Post by Tony
Little Richard R.I.P.
Richard Penniman, better known as Little Richard, who combined the
sacred shouts of the black church and the profane sounds of the blues to
create some of the world’s first and most influential rock ’n’ roll
records, died on Saturday morning. He was 87.
His death was confirmed by his son, Danny Penniman. He did not say where
his father died or specify a cause.
Little Richard did not invent rock ’n’ roll.
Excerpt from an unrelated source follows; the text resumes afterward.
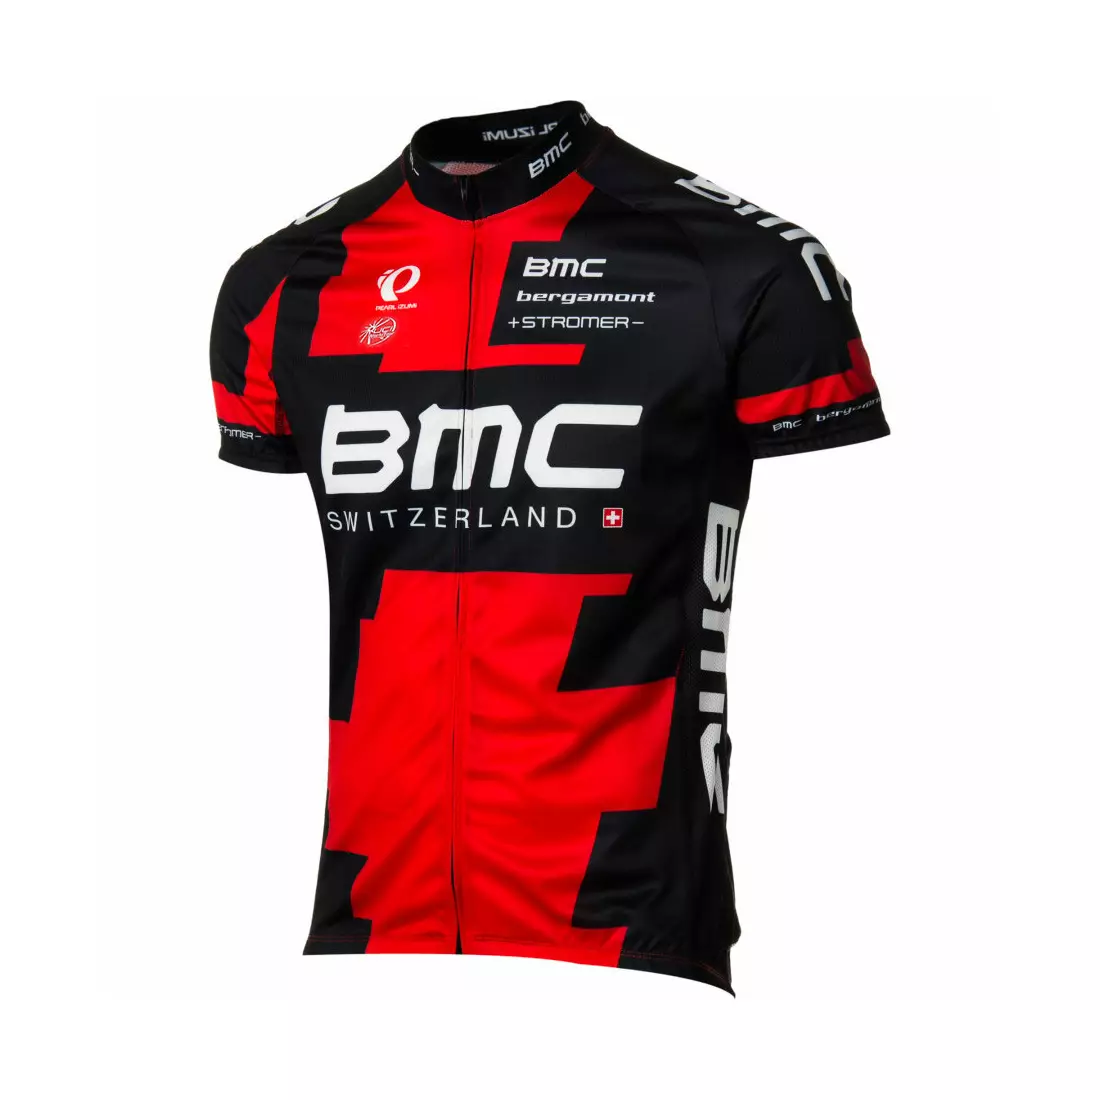 PEARL IZUMI PRO BMC 2014 - tricou de ciclism pentru bărbați C1121327-4JZ

Other musicians had already
been mining a similar vein by the time he recorded his first hit, “Tutti
Frutti” — a raucous song about sex, its lyrics cleaned up but its
meaning hard to miss — in a New Orleans recording studio in September
1955. Chuck Berry and Fats Domino had reached the pop Top 10, Bo Diddley
had topped the rhythm-and-blues charts, and Elvis Presley had been
making records for a year.
But Little Richard, delving deeply into the wellsprings of gospel music
and the blues, pounding the piano furiously and screaming as if for his
very life, raised the energy level several notches and created something
not quite like any music that had been heard before — something new,
thrilling and more than a little dangerous. As the rock historian Richie
Unterberger put it, “He was crucial in upping the voltage from
high-powered R&B into the similar, yet different, guise of rock ’n’ roll.”